The judge summed up and, without leaving the court to deliberate, the jury quickly returned a guilty verdict. Jane made another impassioned speech:
Let me tell you this: I defy Mr McKenna, and I defy the law, and any power on earth, to compel me to serve another long term of imprisonment… I shall resume the hunger strike. If I am forcibly fed again it may soon cause my death, or what is worse, and more likely — drive me mad… Surrender I never shall to the law as it now stands. I consider it my highest duty in life to work in this cause, to give all my time, my efforts, and my life, if need be.
Though he expressed regret, the judge sentenced her to eighteen months with hard labour.
Returned to Holloway, Jane again refused to eat and, two days later, twice-daily force-feeding was commenced. Her throat soon become painfully inflamed from the feeding tube and, after a week, her pulse was ‘dangerously low’. To induce her to eat she was bribed with more books, extra exercise, and coffee ‘for which she has a great weakness’. She stood firm. She was even told that, if she would only undertake not to reoffend, she would be released, but she refused. The Suffragette reported that ‘she sends out a message saying she will endure to the end.’
Release and aftermath
Jane’s prison sentence was due to end in April 1915. No reference to her release has been found in either primary or secondary sources, but it is assumed that she was freed on 10th August 1914 under the general amnesty of suffragette prisoners following the outbreak of the First World War.
After ten months of imprisonment, hunger strikes and forcible feeding, Jane’s health must have been poor. Lady Constance Lytton appears to have felt a personal responsibility towards her. She arranged for her to be cared for in a private mental asylum and, when she was well enough, would invite her to spend a day with her family at Knebworth House.
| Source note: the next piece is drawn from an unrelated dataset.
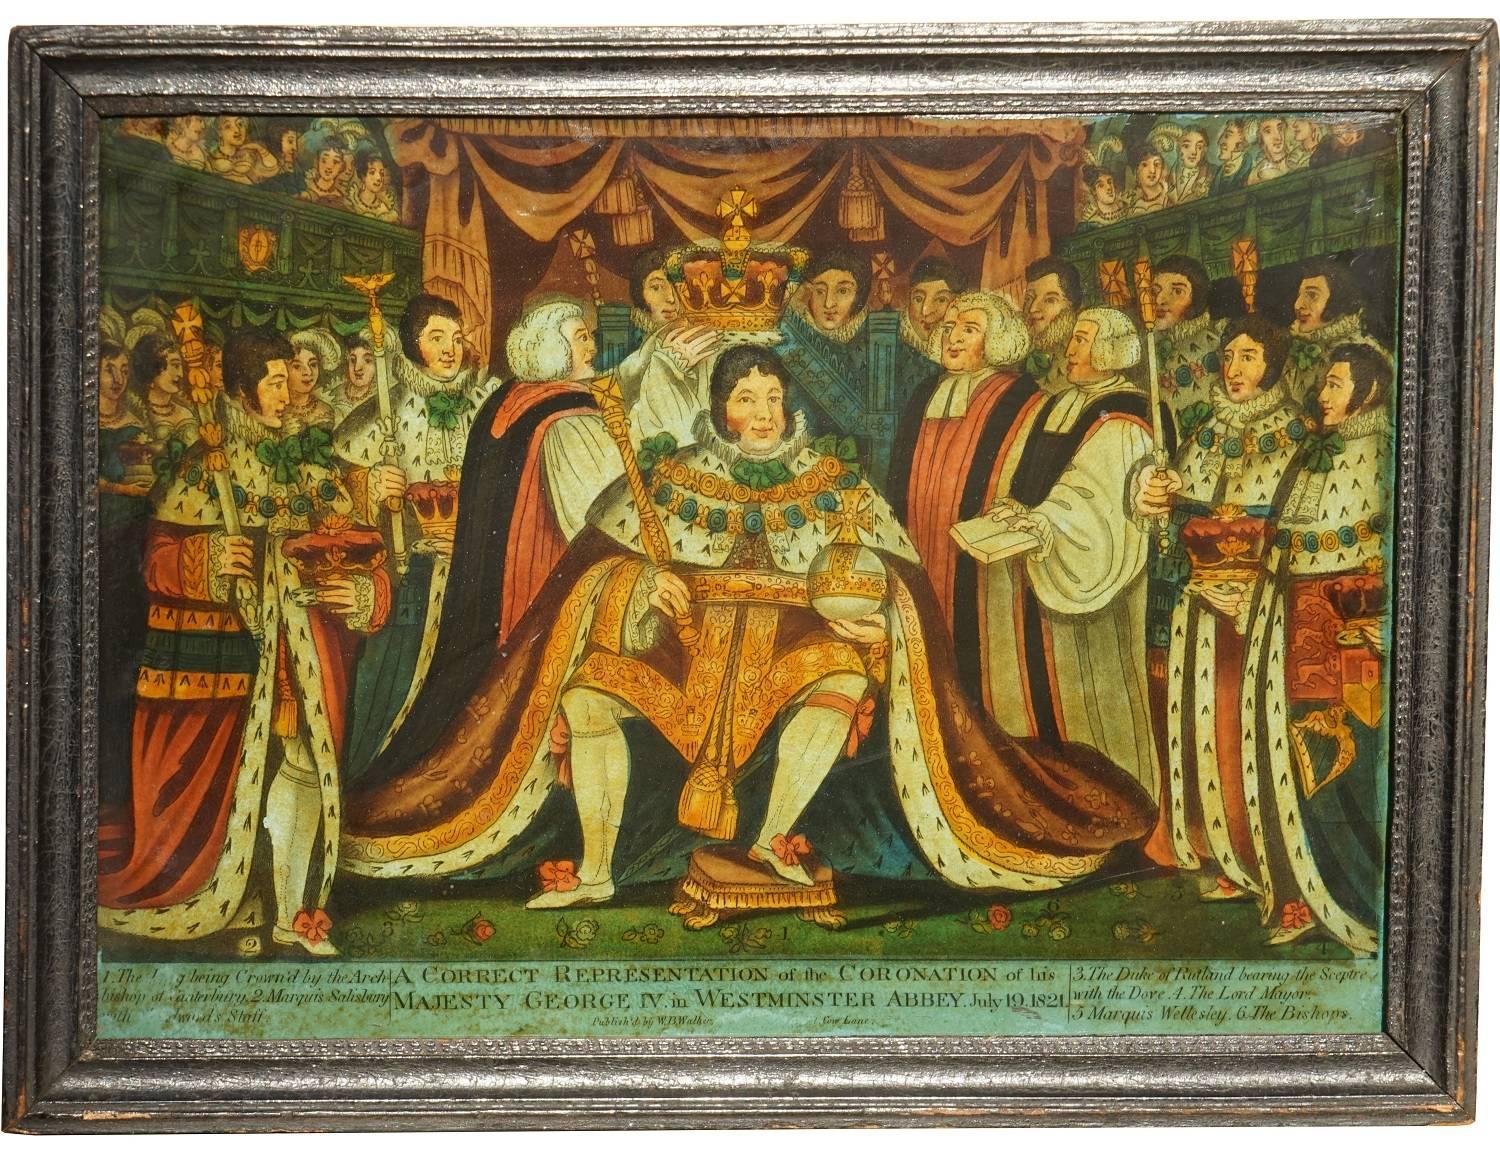 A group of 11 reverse glass mezzotints depicting various scenes relating to George III and Queen Charlotte; George IV, and his daughter and son-in-law, Princess Charlotte and Prince Leopold of Saxe-Coburg. The group includes a number of scenes

Although Jane has been described as having no family, this was not the case. Her father remained in Catford until his death in 1924, and her youngest brother lived in nearby Peckham with his wife and daughter until his death in 1944. She also had a sister, another brother, and a large number of cousins.
After Lady Constance’s death in May 1923, Emmeline Pethick-Lawrence suggested that former members of the WSPU might contribute towards Jane’s care, but there is no evidence that this was ever organised. Those who cared for her found her difficult and Mrs Pethick-Lawrence described her as ‘not dangerous but quarrelsome and talkative’.
In 1921 ‘Jane Short alias Rachel Peace’ appears in the census for Buckinghamshire Mental Hospital. By 1939 she was in Wiltshire County Mental Asylum in Devizes, where she died in August 1964, aged 83. She was buried in the grounds of the institution, by then known as Roundway Hospital.